Gas detection is relative with industry safety, indoor ventilation, medical and health, etc, in which many applications require the detection limitation down to ppb level. That is quite challenges for most of conventional miniature gas sensors in the market. Although some equipment can achieve ppb-level detection accuracy, e.g. gas chromatography and tunable diode laser spectrometry (TDLS), they are too bulky and expensive to be adopted widely [1]. And, they need a big sample gas volume that results of long time consuming and lower accuracy because in real cases the gas concentration always changes as time going on. Here, we demonstrate a new ppb-level detection approach based on photonics waveguides. The detection limitation down to around 200 ppb - level, and the gas volume for one test is less than 1 mL.

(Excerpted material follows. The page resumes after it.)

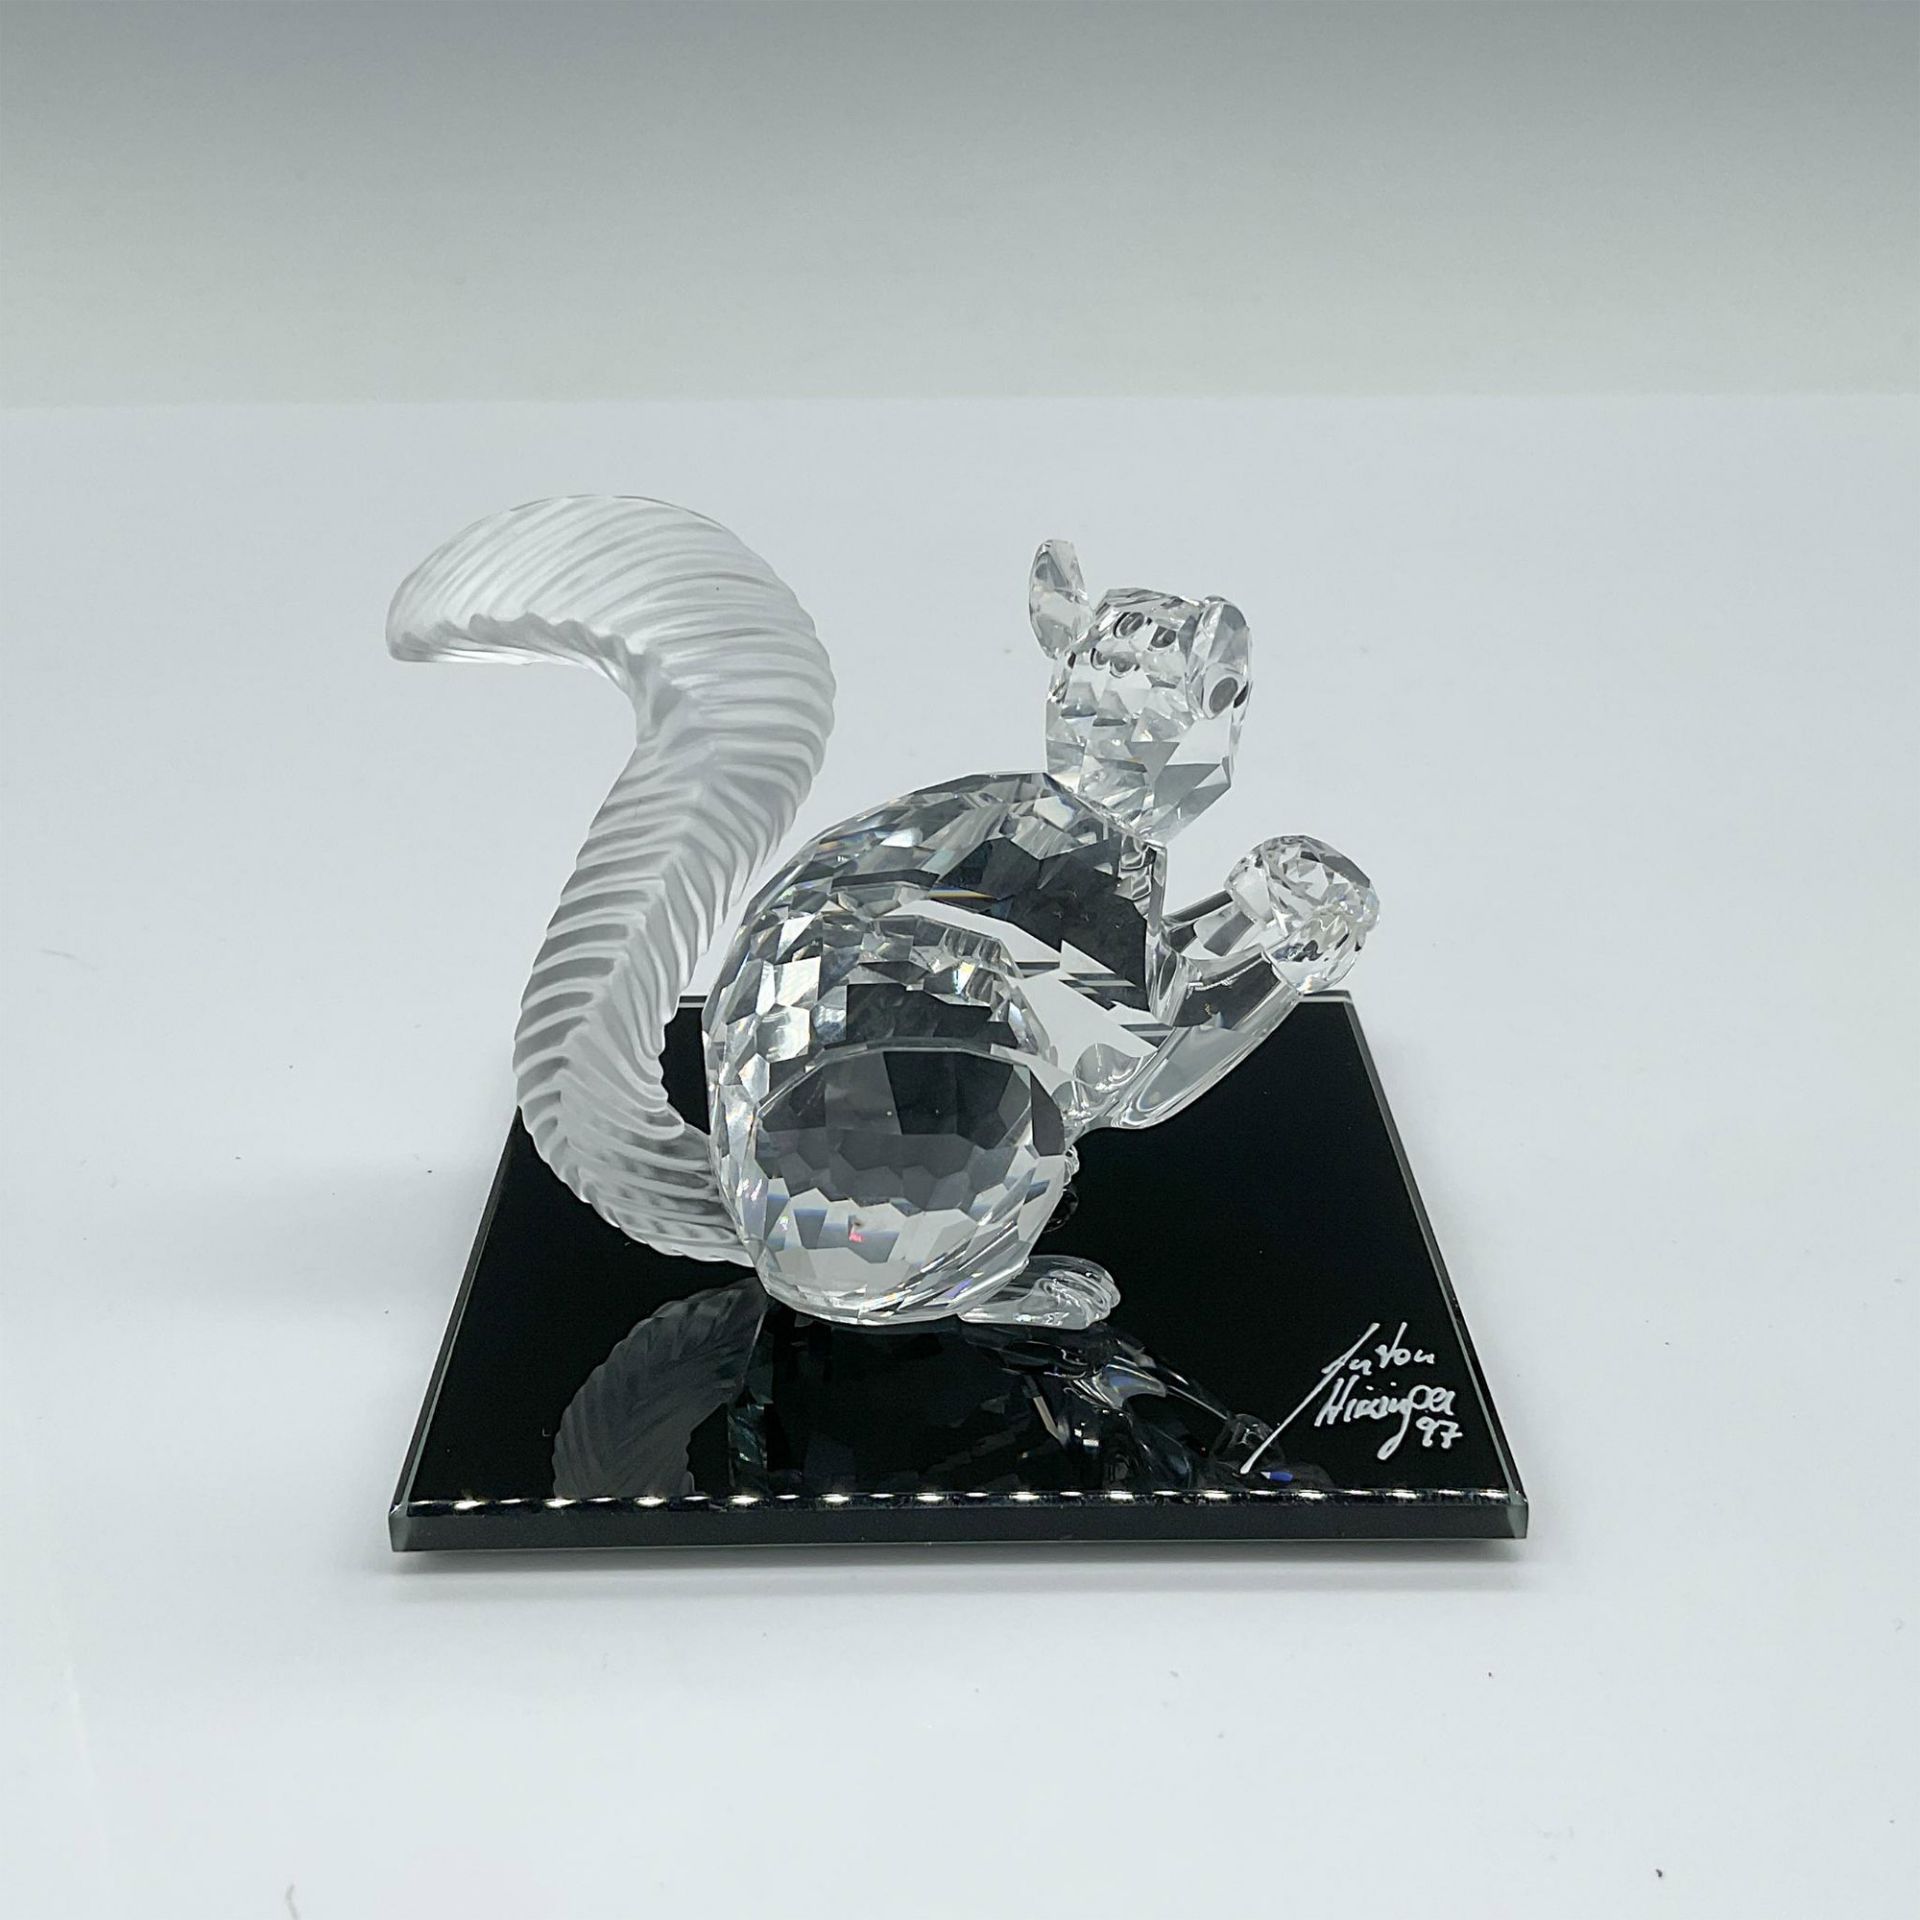 Swarovski SCS Crystal Figurine, Squirrel with Base - Image 2 of 4
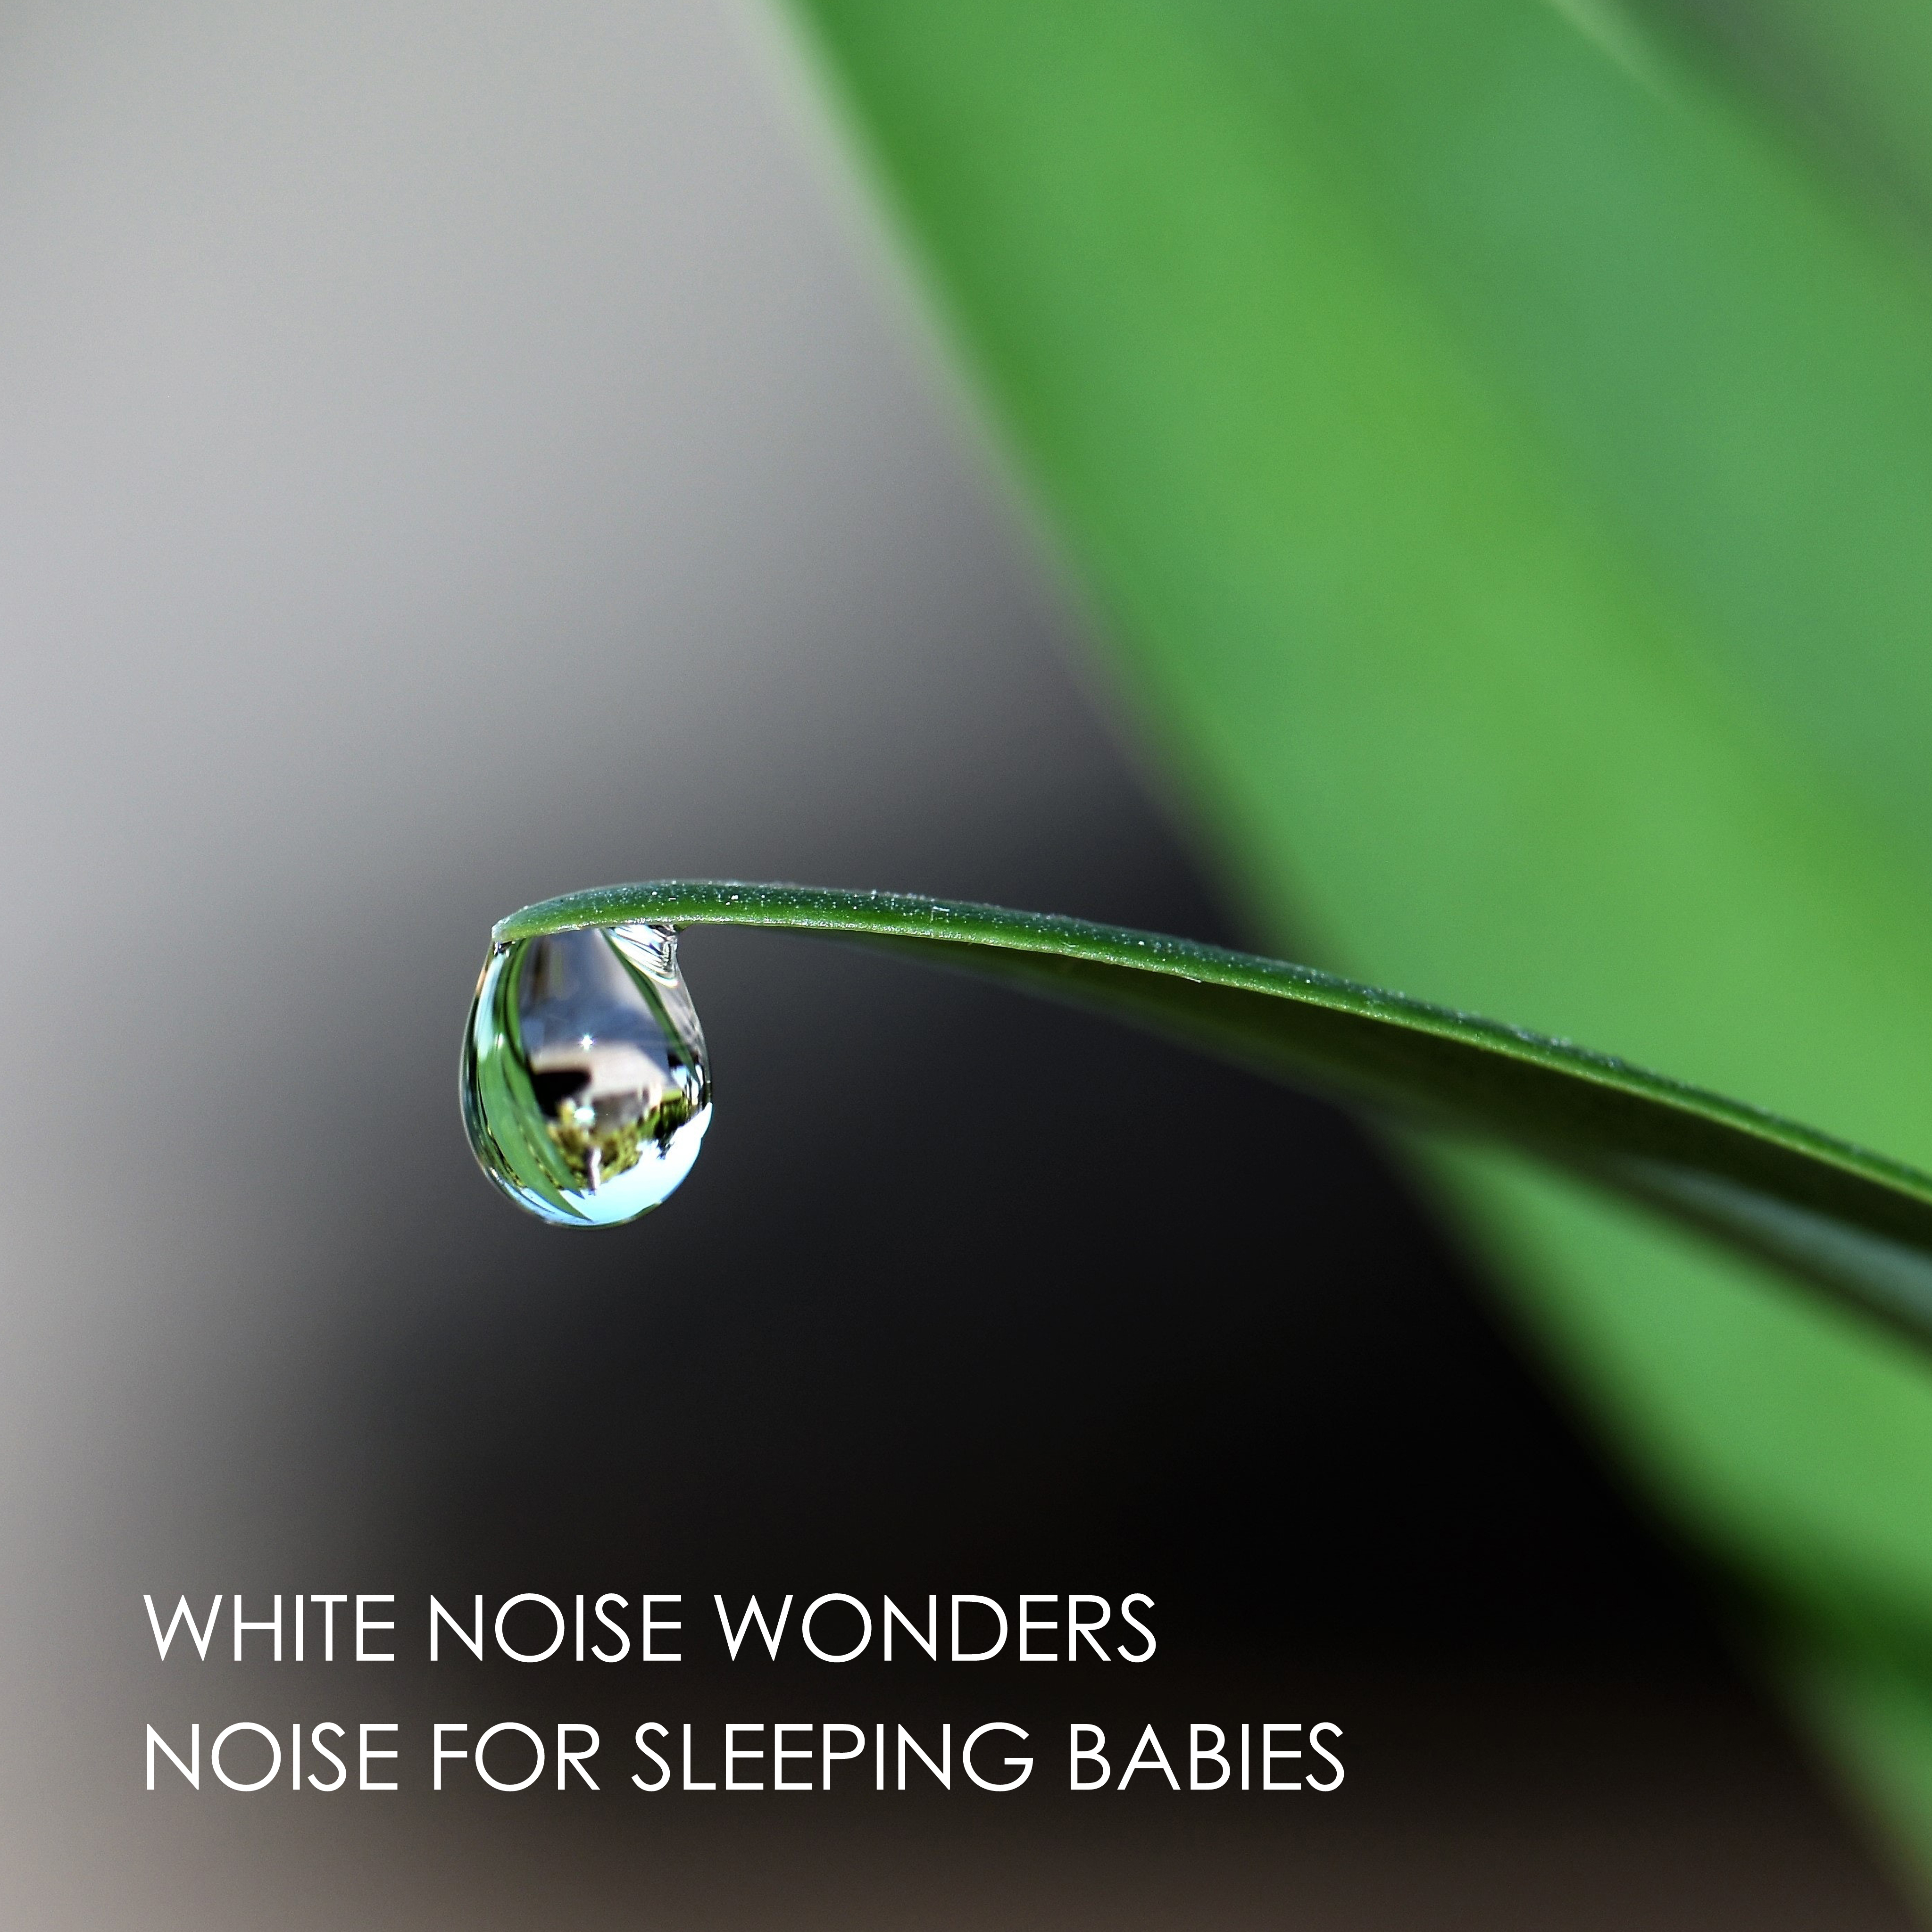 18 White Noise Wonders - Noise for Sleeping Babies

Figure 1 shows the schematic of the gas detection system. A low-cost blackbody radiation light source is used to generate a broad-band spectrum (from visible light to long-wavelength infrared) that promises this system can be used as a universal gas detection platform. The output light passes a bandpass filter and is coupled into an optical fiber. At one end of the fiber, a waveguide with a detector is connected. The waveguide exposes in the air to sense the target gas molecules in the surrounding, in which no pump is needed. Insert shows the principle of the gas sensing by use of waveguide.
Figure 2 shows the detection limitation analysis. In the experiment, we use carbon dioxide as a verification gas whose absorption spectrum is around 4.26 µm. The sensitivity of the system is around 15.91 mV/100ppm, while the noise floor is only 0.03 mV. Thus, the detection limitation is around 188 ppb.